Running jobs in Torque#

VSC clusters using the Torque job scheduler:

UGent

Note

Other clusters might use the Slurm job scheduler

The workflow in the HPC is straightforward:

  1. Create a job script

  2. Submit it as a job to the scheduler

  3. Wait for the computation to run and finish

Job script#

A job script is essentially a Bash script, augmented with information for the scheduler. As an example, consider a file hello_world.pbs as below.

 1#!/usr/bin/env bash
 2
 3#PBS -l nodes=1:ppn=1
 4#PBS -l walltime=00:05:00
 5#PBS -l mem=1gb
 6
 7cd $PBS_O_WORKDIR
 8
 9module purge
10module load Python/3.12.3-GCCcore-13.3.0
11
12python hello_world.py

We discuss this script line by line.

  • Line 1 is a she-bang that indicates that this is a Bash script.

  • Lines 3-5 inform the scheduler about the resources required by this job.

    • It requires a single node (nodes=1), and a single core (ppn=1) on that node.

    • It will run for at most 5 minutes (walltime=00:05:00).

    • It will use at most 1 GB of RAM (mem=1gb).

  • Line 7 changes the working directory to the directory in which the job will be submitted (that will be the value of the $PBS_O_WORKDIR environment variable when the job runs).
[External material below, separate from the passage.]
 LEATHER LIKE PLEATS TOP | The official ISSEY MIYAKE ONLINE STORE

  • Lines 9 and 10 set up the environment by loading the appropriate modules.

  • Line 12 performs the actual computation, i.e., running a Python script.
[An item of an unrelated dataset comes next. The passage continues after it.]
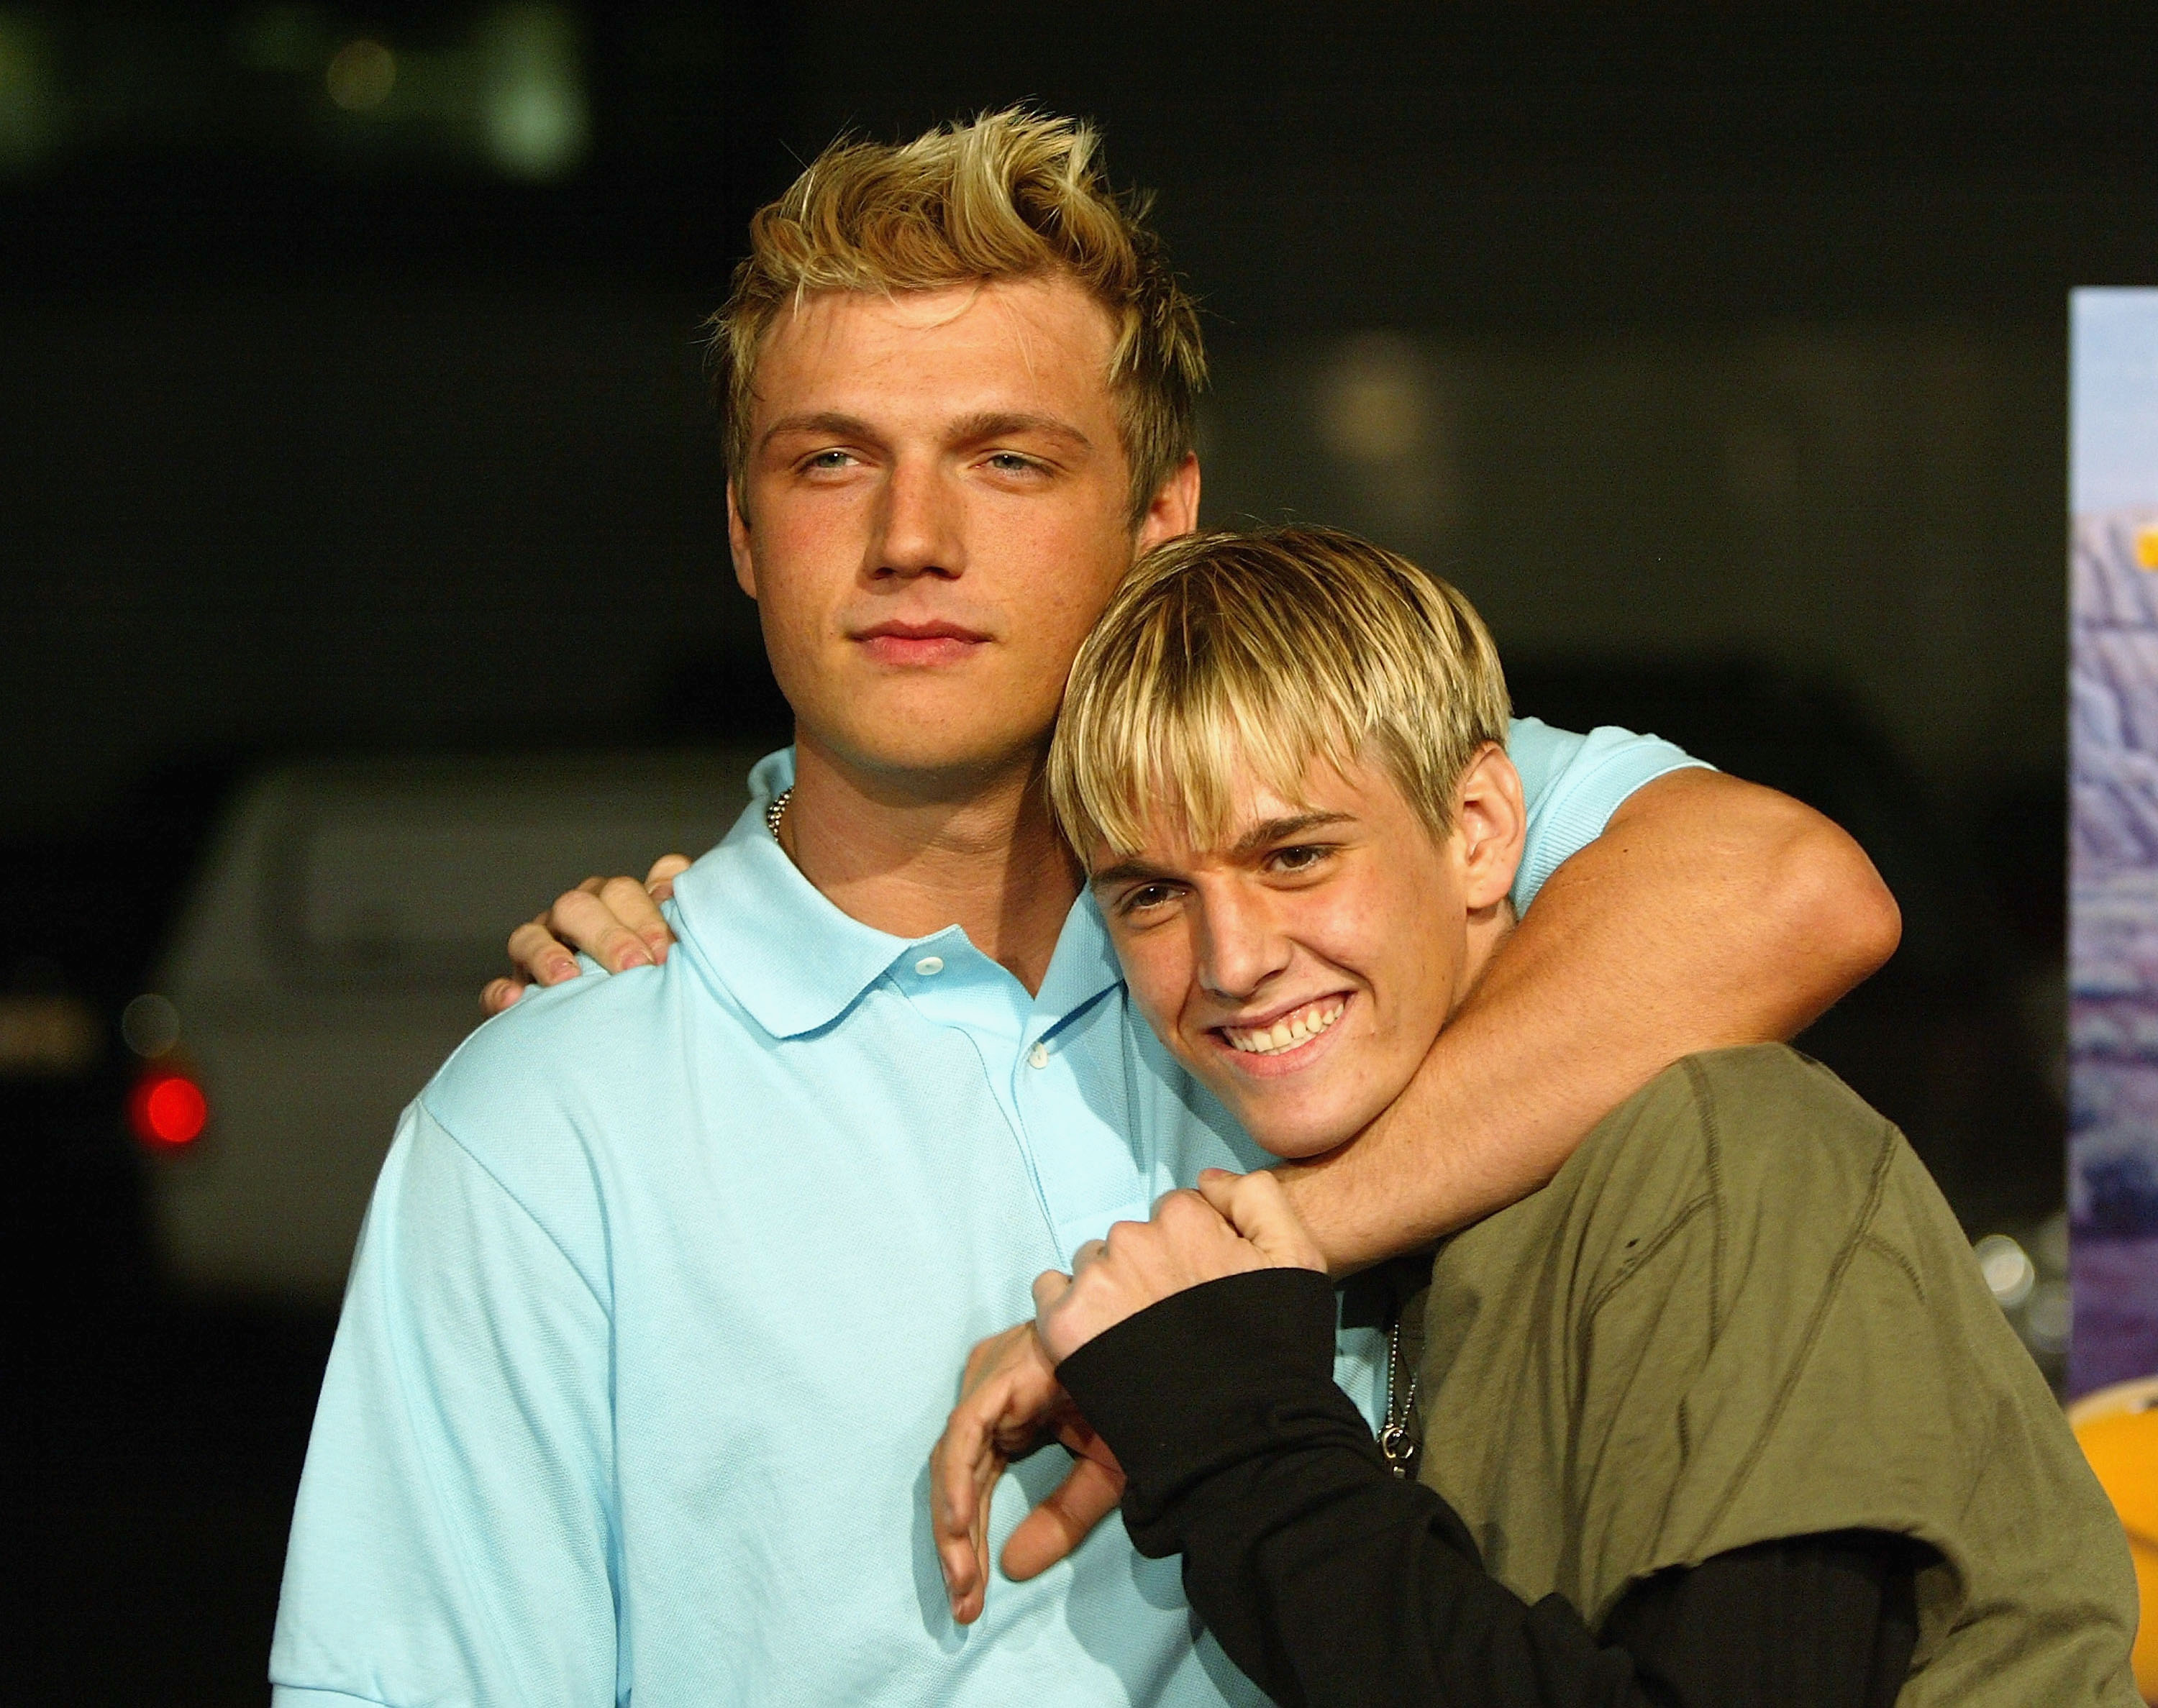 Aaron and Nick Carter arrive for the "Simple Life 2" Welcome Home Party at The Spider Club in Hollywood, California, on April 14, 2004. | Source: Getty Images

Every job script has the same basic structure.

Note

Although you can use any file name extension you want, it is good practice to use .pbs since that allows support staff to easily identify your job script.

More information is available on:

See also

Using the module system

Submitting and monitoring a job#

Once you have created your job script, and transferred all required input data if necessary, you can submit your job to the scheduler

$ qsub hello_world.pbs
11549090

The qsub returns a job ID, an unique identifier that you can use to manage your job.

Once submitted, you can monitor the status of your job using the qstat command.

$ qstat
Job ID     Name             User            Time Use S Queue
---------- ---------------- --------------- -------- - -------
11549090   hello_world.pbs  vsc30140        0:00:10  C cpu...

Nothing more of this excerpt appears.